Well, then I started to go back into my lull. Saying things I want to do are “annoyers” seems like just a verbal trick. Nothing to see here…but then Knight goes on
It is our nature to “travel afar to seek disquietude,” and “’tis distance lends enchantment to the view.” It cannot be maintained that civilization itself makes men “happier” than they are in savagery. The purpose of education is certainly not to make anyone happy; its aim is rather to raise problems rather than solve them; the association of sadness and wisdom is proverbial, and the most famous of wise men observed that “in much wisdom is much grief, and he that increaseth knowledge increaseth sorrow.” Thus the pursuit of the “higher things” and the crasser indulgences are alike failures if the test is happiness.
Oh my. The pursuit of higher things…all those Great Books…is a miserable failure if the test is happiness. Knight continues:
But the test is not happiness. And by this we do not mean that it ought not to be but the simple fact that that is not what men want. It is a stock and conclusive objection to utopias that men simply will not live in a world where everything runs smoothly and life is free from care. We all recall William James’ relief at getting away from Chatauqua. A man who has nothing worry about immediately busies himself in creating something, gets into some absorbing game, falls in love, prepares to conquer some enemy or hunt lions or the North Pole or what not. We recall also the case of Faust, that the Devil himself could not invent escapades and adventures fast enough to give his soul one moment’s peace. So he died, seeking and striving, and the Angel pronounced him thereby “saved”…
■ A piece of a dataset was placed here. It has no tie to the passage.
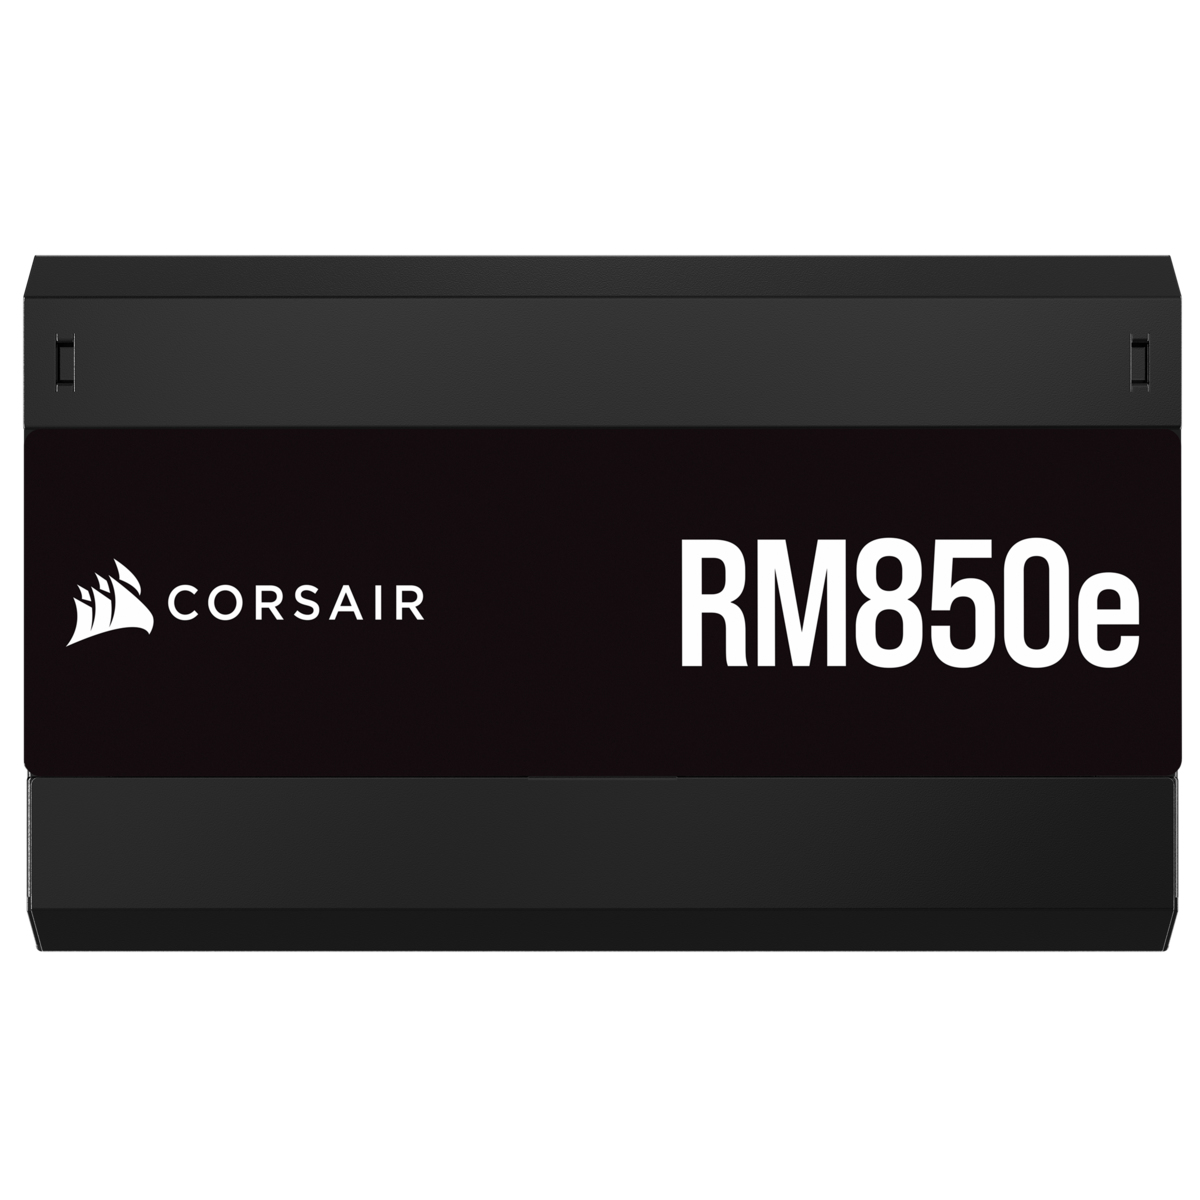 Corsair - Fuente Alimentación Modular Corsair RMx Series RM850e 850W 80 Plus Gold ATX3.0

Can this possibly be right? If you found yourself happy, would you really immediately invent a problem just to give yourself a better life than the one of being happy? If you lived in Eden, would you eat the fruit just to get out of the place?
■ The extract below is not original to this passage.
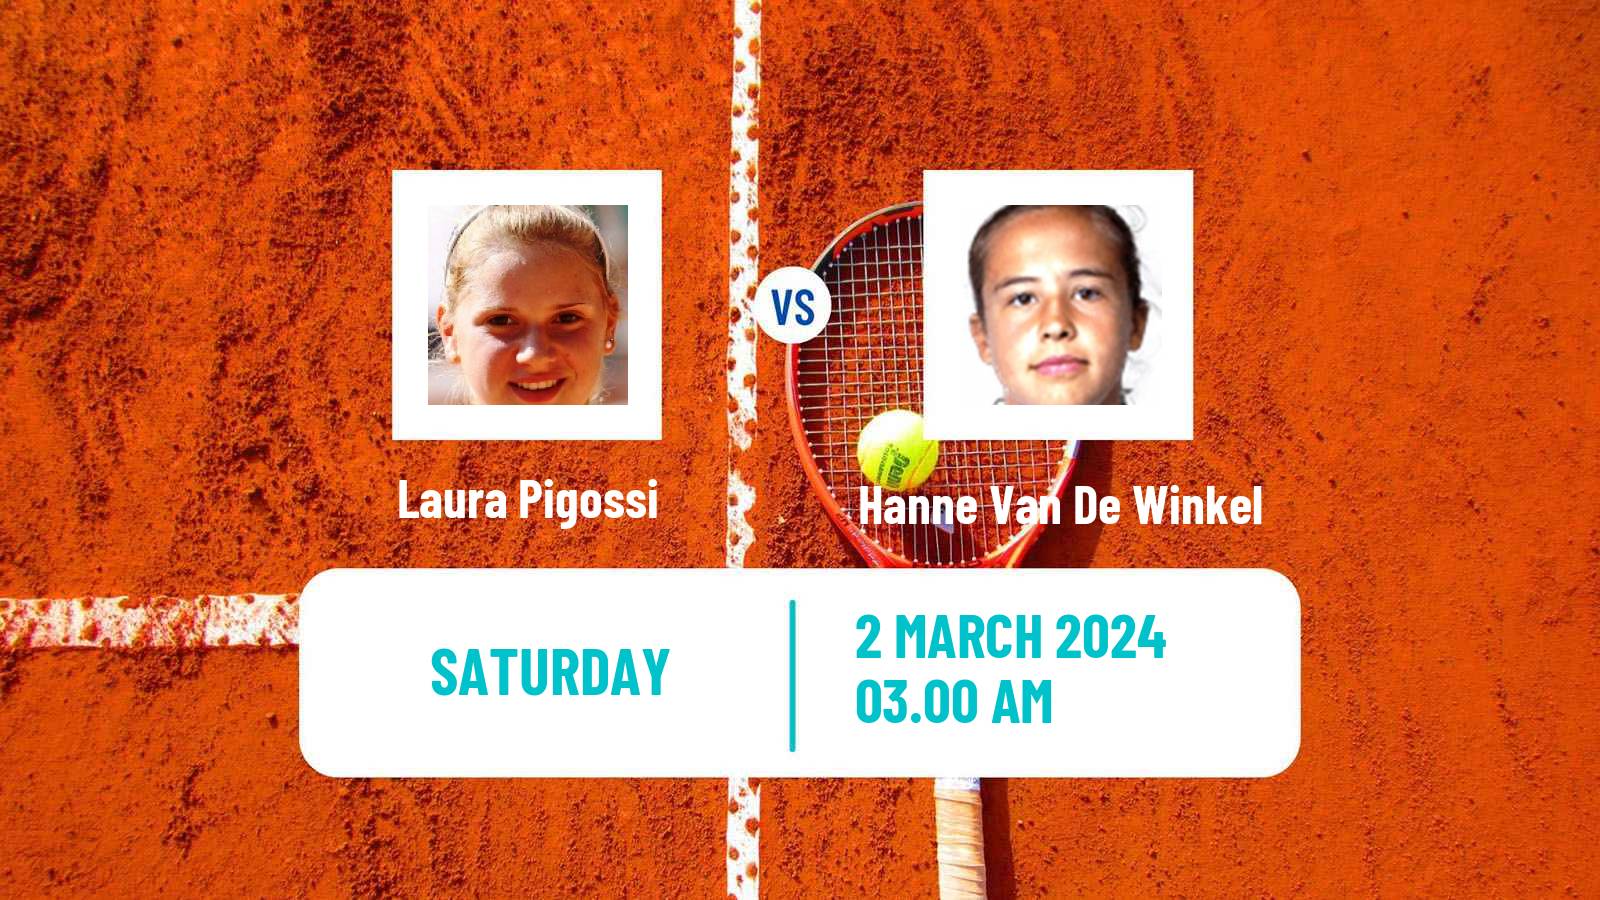 Tennis ITF W50 Pretoria 2 Women Laura Pigossi - Hanne Van De Winkel

The pleasure philosophy is a false theory of life; there abide pain, grief and boredom: these three; and the greatest of these is boredom.
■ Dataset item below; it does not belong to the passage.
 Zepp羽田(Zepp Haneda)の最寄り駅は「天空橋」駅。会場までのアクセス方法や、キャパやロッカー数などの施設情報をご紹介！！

Would we all really prefer pain and grief to the boredom of happiness? I want to say the answer is obviously not….but….but….well…
I can rescue all this by simply asserting that I derive happiness from my futile struggle to read (and read again) every book worth reading. The problem is easily solved by simply asserting the happiness is your goal by definition, so whatever you do is by definition aimed at bringing you happiness. So, creating problems for myself, striving to be better, learning new things do indeed bring me pleasure.
However, no matter how much I try to define things this way, the problem still remains. I know that while I would like to finish the collected works of Wodehouse, while I enjoy steadily plugging away at this, I will not be happy when I finally do so. After all, as soon as Wodehouse is done, the collected works of Charles Dickens and Sir Walter Scott beckon. The more I read, the more I discover I want to read. So does the continual striving after an unattainable goal make me happy? Why? Shouldn’t reaching the goal make me happy?
Would I prefer to be insane and happy? Not in the least. Is Knight correct that we do not want to be happy? I don’t think that is right, but I cannot figure out where he is in error.